• **Your instructions**
Print the data that follows word for word, leaving out any picture.

• **Collected material**
***
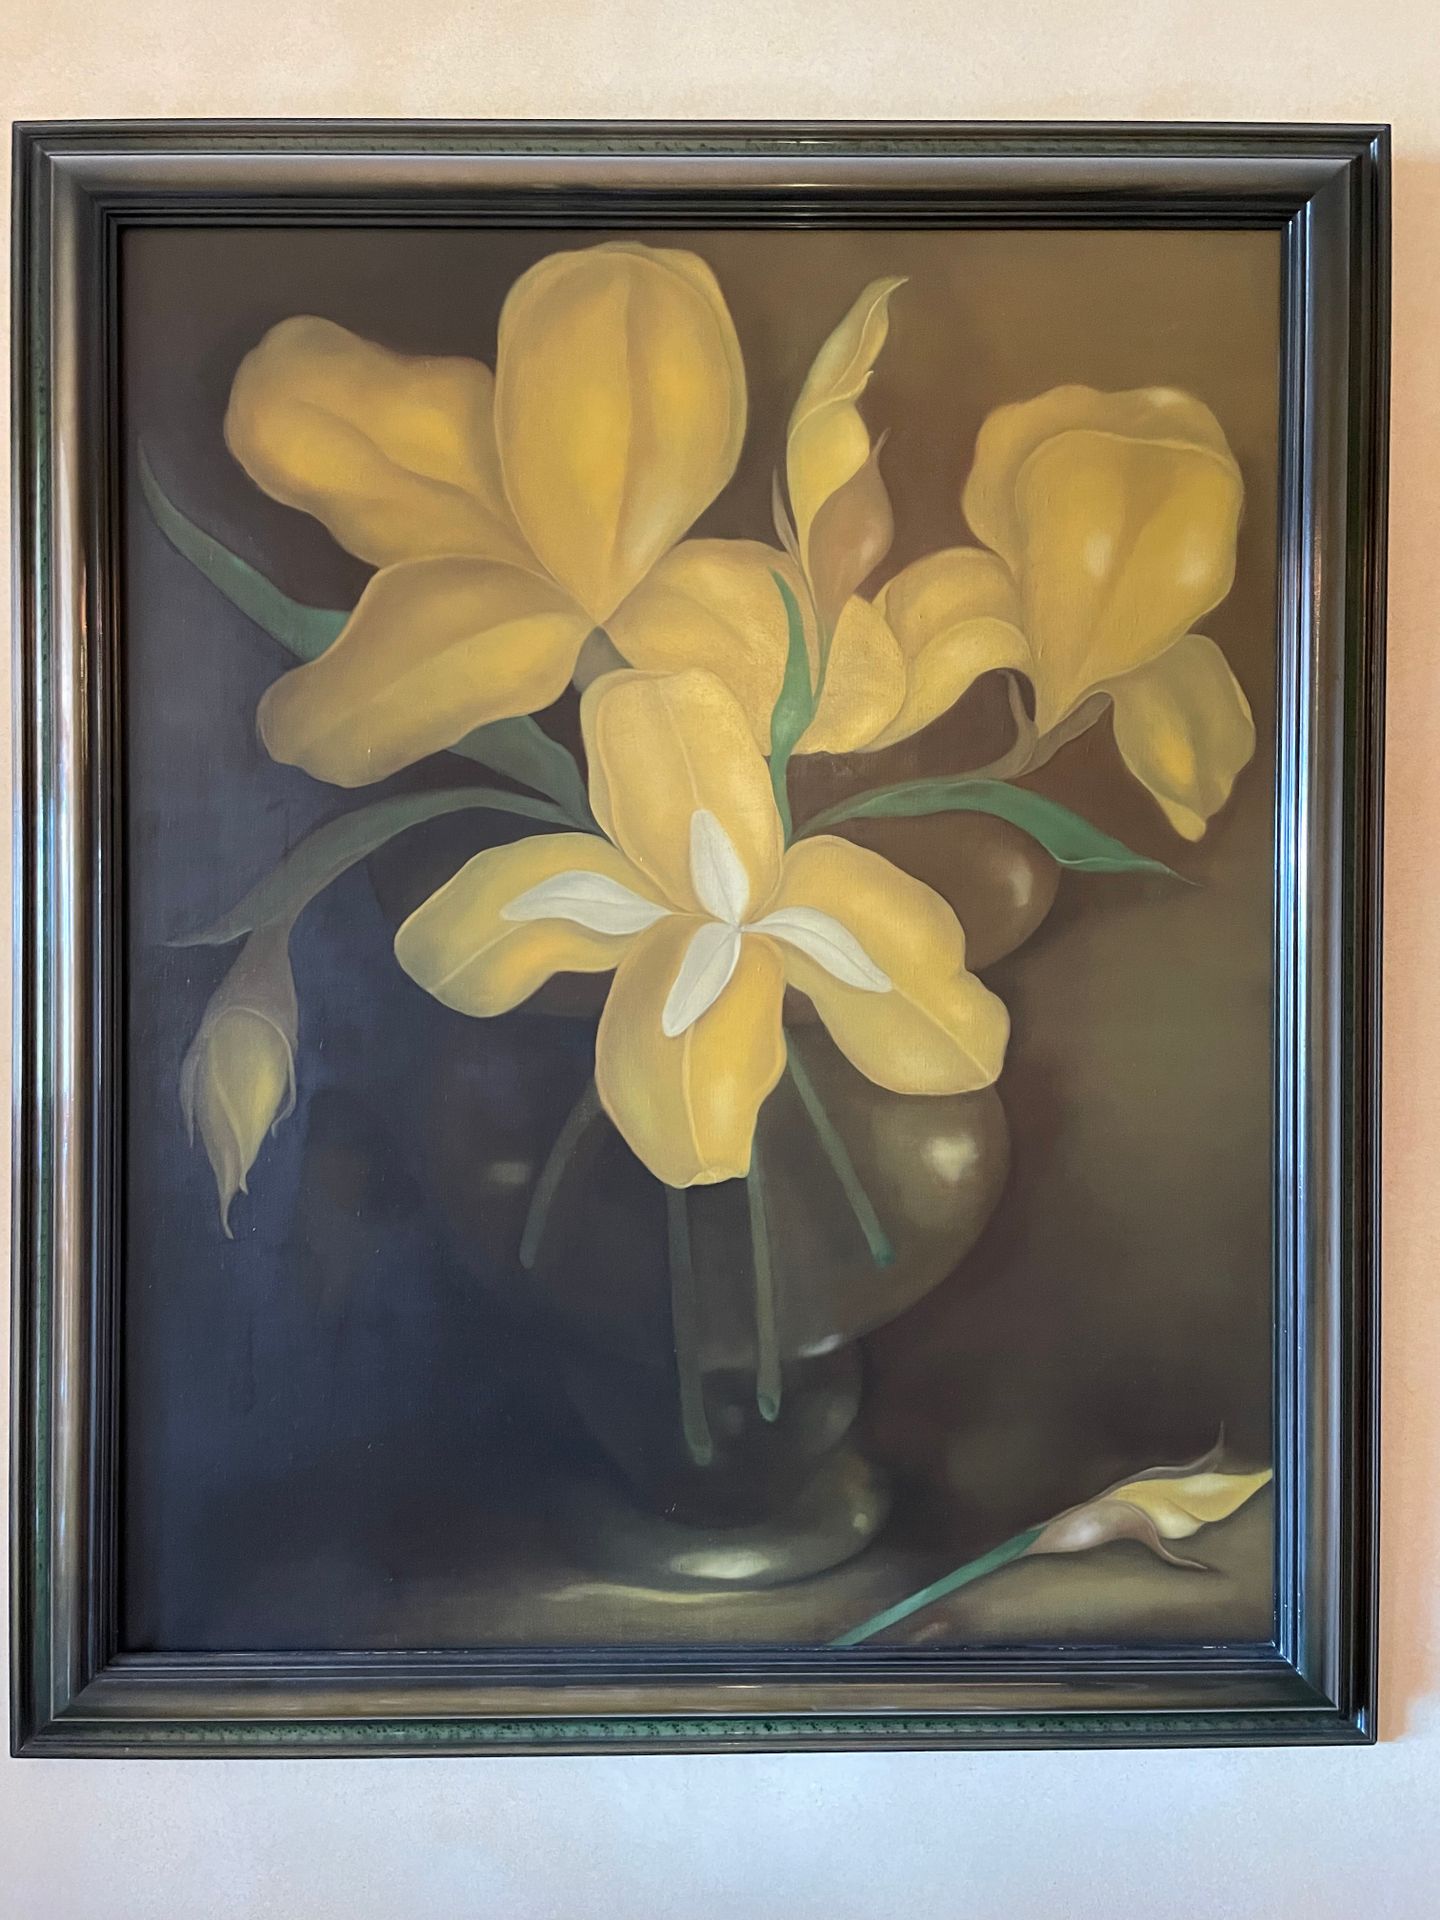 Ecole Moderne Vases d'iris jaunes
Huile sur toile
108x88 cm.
***
• **Exercise result**
 Ecole Moderne Vases d'iris jaunes
Huile sur toile
108x88 cm.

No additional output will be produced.